I'm gonna be completely honest with you here. If my life is taken from me by a friggin dragon...well...I am cool with that. I mean obviously I was doing something pretty hardcore to be killed by a dragon.


----------



## Zowie (Jun 14, 2010)

BigChaz said:


> I'm gonna be completely honest with you here. If my life is taken from me by a friggin dragon...well...I am cool with that. I mean obviously I was doing something pretty hardcore to be killed by a dragon.



Or it'll just be some shitty reptile-transmitted disease. 
I refuse to get shots for "iguana fever" or whatnot.


----------



## WillSpark (Jun 14, 2010)

Gotta look out for those RTDs. They're a bitch.


----------



## BigChaz (Jun 14, 2010)

bionic_eggplant said:


> Or it'll just be some shitty reptile-transimitted disease.
> I refuse to get shots for "iguana fever" or whatnot.
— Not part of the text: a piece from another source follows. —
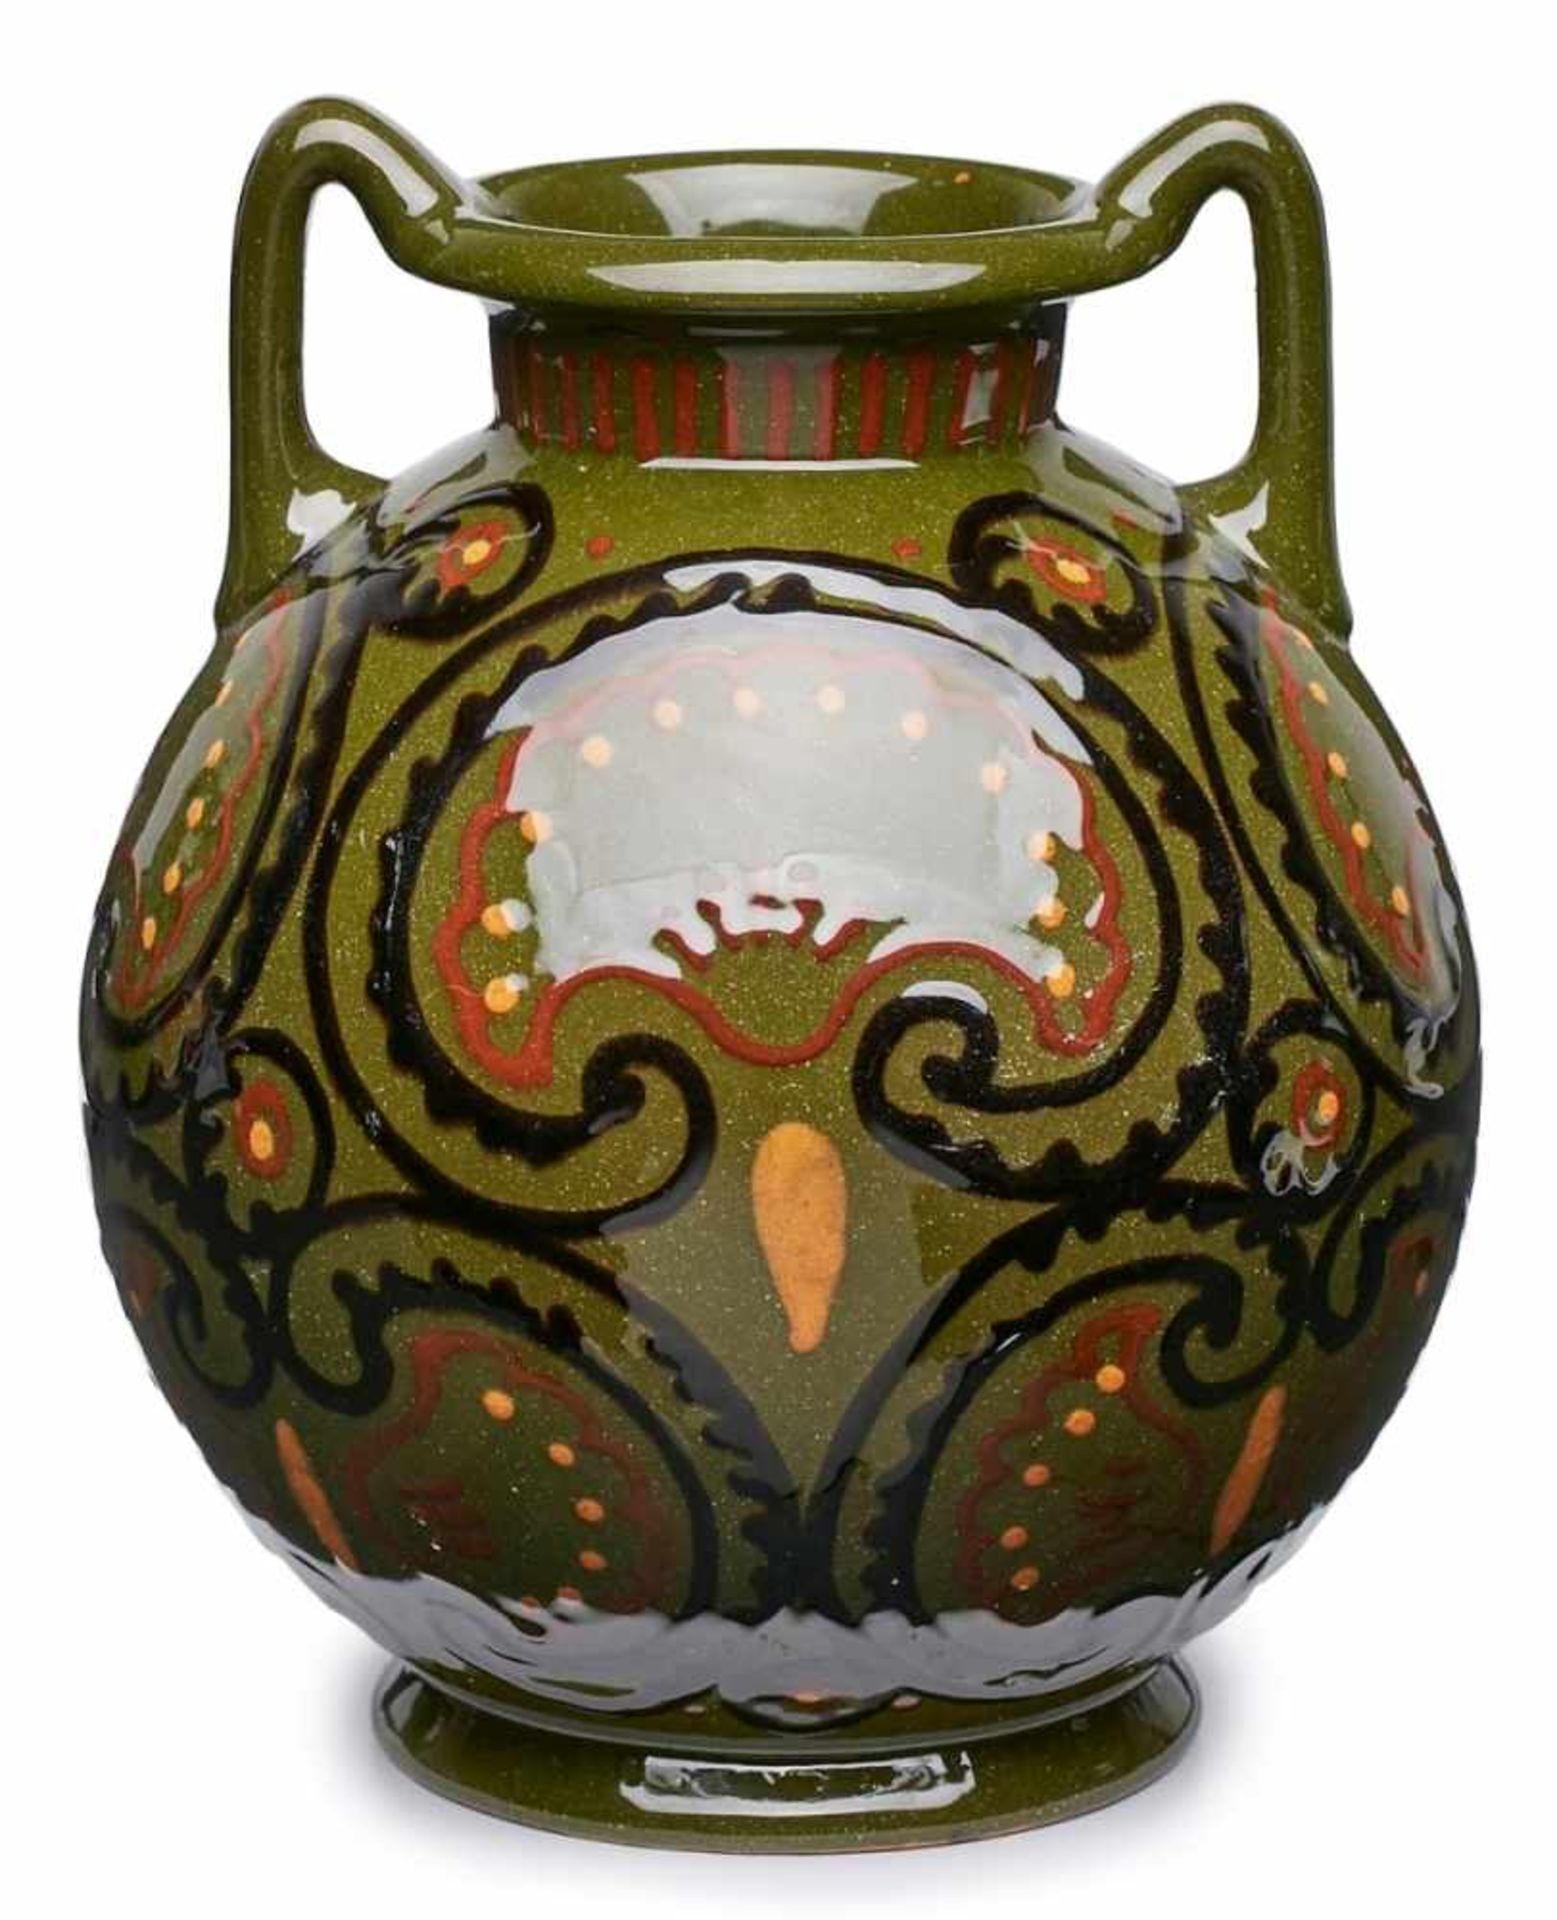 Kugelige Vase mit Henkeln,Karlsruhe um 1910. Roter Scherben, grün glasiert u. rot/ orange/ schwarz

How many iguanas do I have to sex before I start incubating?


----------



## Zowie (Jun 14, 2010)

BigChaz said:


> How many iguanas do I have to sex before I start incubating?



I believe you get it by proximity only. Sexing the iguanas is the only known cure.


----------



## BigChaz (Jun 14, 2010)

bionic_eggplant said:


> I believe you get it by proximity only. Sexing the iguanas is the only known cure.
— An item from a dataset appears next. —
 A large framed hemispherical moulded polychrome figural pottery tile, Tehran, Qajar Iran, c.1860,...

Ah. That explains why I am not incubating the next pandemic!


----------



## Zowie (Jun 14, 2010)

BigChaz said:


> Ah. That explains why I am not incubating the next pandemic!



Oh Lord.

I wanted to draw this... But I can't stop laughing. Not to mention iguanas are hard to draw.


----------



## WillSpark (Jun 14, 2010)

bionic_eggplant said:


> Oh Lord.
> 
> I wanted to draw this... But I can't stop laughing. Not to mention iguanas are hard to draw.



Okay remember how I said I wish I was cool enough to be drawn as a furry? I take it back...just don't make me the iguana getting reamed.


----------



## CastingPearls (Jun 14, 2010)

stldpn said:


> I'm more concerned with the dolphins caught in tuna nets... but I just can't say no to those tuna salad sandwichs.
> 
> Tasty tasty tuna melts:eat2:


<with that oh so delicate dolphin tang>


----------



## Zowie (Jun 14, 2010)




----------



## WillSpark (Jun 14, 2010)

bionic_eggplant said:


>



Dammit all


----------



## BigChaz (Jun 14, 2010)

bionic_eggplant said:


>



Haha, awesome. You rock.

Also, I have been here for years and never had an avatar until now, so thanks!


----------



## CastingPearls (Jun 14, 2010)

BBR iz coming to get yoo


----------



## Zowie (Jun 14, 2010)

You guys are the best. I wish I had spent more than two minutes on it now, though.


----------



## JenFromOC (Jun 14, 2010)

WillSpark said:


> Chaz, Jen, why doncha just f&%k already?
> 
> Aaanywho. Anyone know about this?
> 
> ...



How do you know we haven't fucked already?


----------



## djudex (Jun 14, 2010)

Because Chaz's brain would have melted.


----------



## WillSpark (Jun 14, 2010)

djudex said:


> Because Chaz's brain would have melted.



Yeah. Pretty much this.


----------



## Fat Brian (Jun 14, 2010)

bionic_eggplant said:


>




Is this a furry sub-type called a scaly ?


----------



## WillSpark (Jun 15, 2010)

Fat Brian said:


> Is this a furry sub-type called a scaly ?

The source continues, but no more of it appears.